Lucie-Aimée Kaffee

From devsummit
Tags Languages, Machine Learning, Translation, Wikidata
Primary Session Next Steps for Languages and Cross Project Collaboration
Secondary Sessions Research, Analytics, and Machine Learning

Languages in the world of Wikimedia

One of the central topics of Wikimedia's world is languages. Currently, we cover around 290 languages in most projects, more or less well covered. In theory, all information in Wikipedia can be replicated and connected, so that different culture's knowledge is interlinked and accessible no matter which language you speak. In reality however, this can be tricky. The authors of [1] show, that even English Wikipedia's content is in big parts not represented in other languages, even in other big Wikipedias. And the other way around: The content in underserved languages is often not covered in English Wikipedia. A possible solution is translation by the community as done with the content translation tool [2]. Nevertheless, that means translation of all language articles into all other languages, which is an effort that's never ending and especially for small language communities barely feasible. And it's not only all about Wikipedia- the other Wikimedia projects will need a similar effort! Another approach for a better coverage of languages in Wikipedia is the ArticlePlaceholder [3]. Using Wikidata's inherently multi- and cross-lingual structure, AP displays data in a readable format on Wikipedias, in their language. However, even Wikipedia has a lack of support for languages as we were able to show in [4]. The question is therefore, how can we get more multilingual data into Wikidata, using the tools and resources we already have, and eventually how to reuse Wikidata's data on Wikipedia and other Wikimedia projects in order to support under-resourced language communities and enable them to access information in their language easier. Accessible content in a language will eventually also mean they are encouraged to contribute to the knowledge. Currently, we investigate machine learning tools in order to support the display of data and the gathering of new multilingual labels for information in Wikidata. It can be assumed, that over the coming years, language accessibility will be one of the key topics for Wikimedia and its projects and it is therefore important to already invest in the topic and enable an exchange about it.


[1] Hecht, B., & Gergle, D. (2010, April).

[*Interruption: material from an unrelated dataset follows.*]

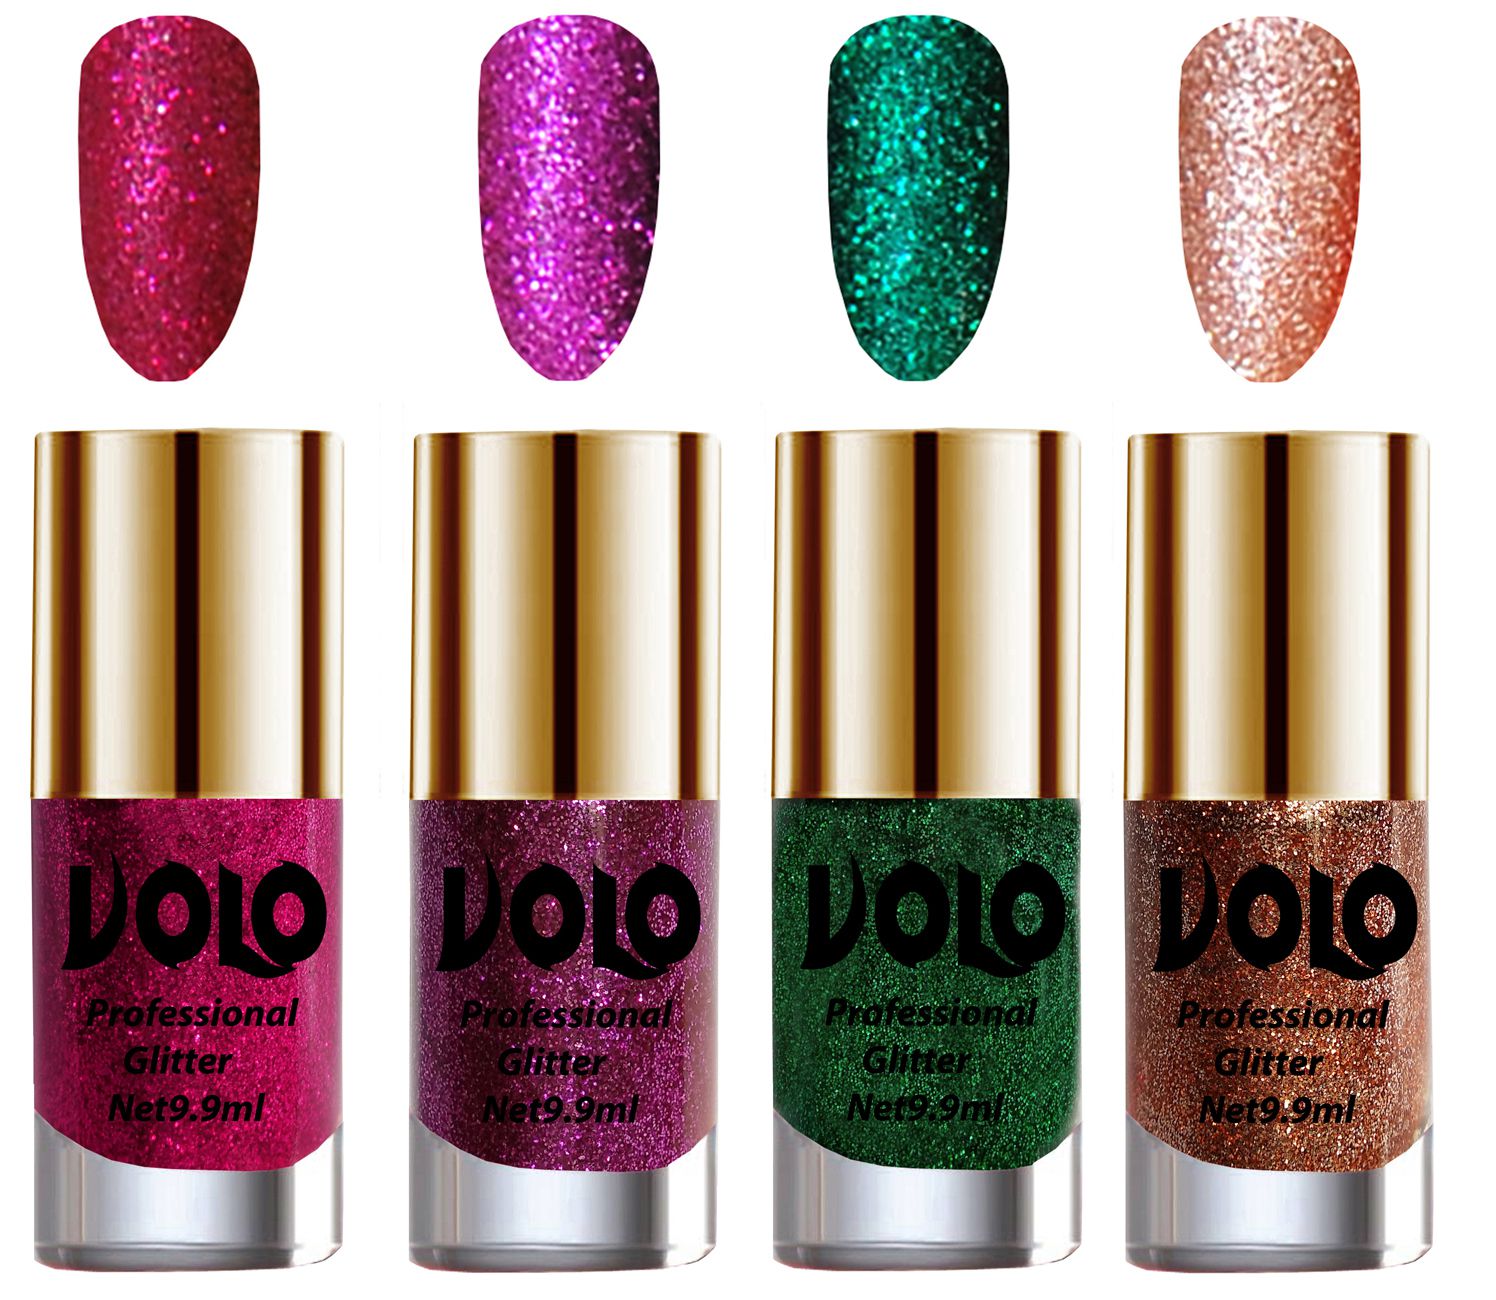     			VOLO Professionally Used Glitter Shine Nail Polish Magenta,Purple,Green Pink Pack of 4 39 mL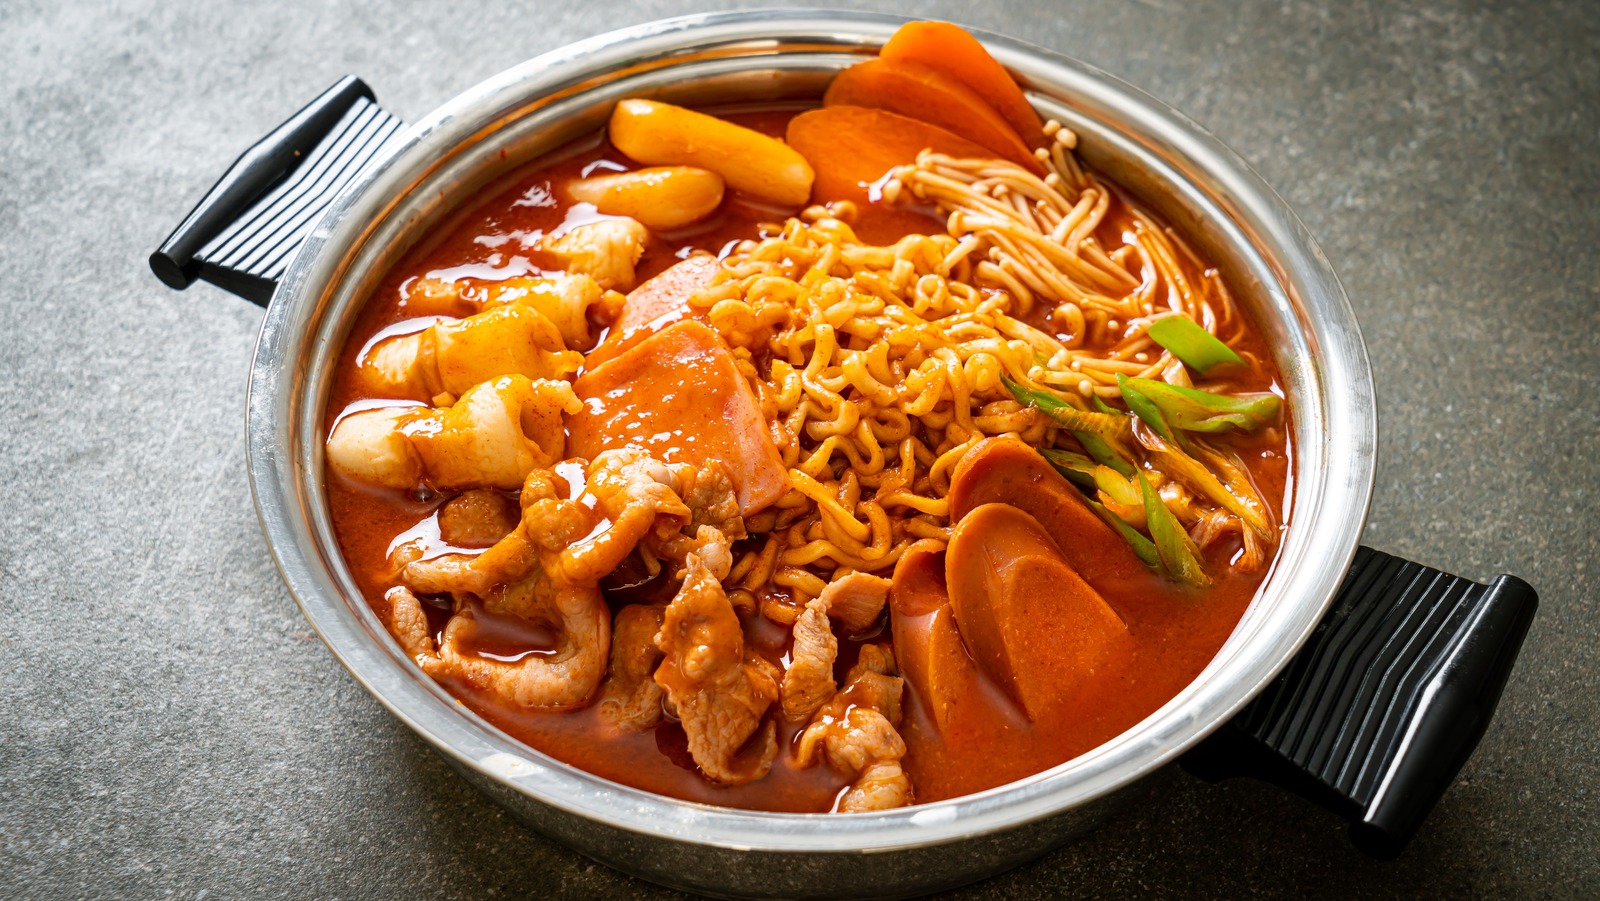 https://www.tastingtable.com/img/gallery/budae-jjigae-the-korean-army-base-stew-that-became-a-comfort-food/l-intro-1666470730.jpg

The tower of Babel meets web 2.0: user-generated content and its applications in a multilingual context. In Proceedings of the SIGCHI conference on human factors in computing systems (pp. 291-300). ACM. [2] https://en.wikipedia.org/wiki/Wikipedia:Content_translation_tool [3] https://commons.wikimedia.org/wiki/File:Generating_Article_Placeholders_from_Wikidata_for_Wikipedia_-_Increasing_Access_to_Free_and_Open_Knowledge.pdf [4] https://eprints.soton.ac.uk/413433/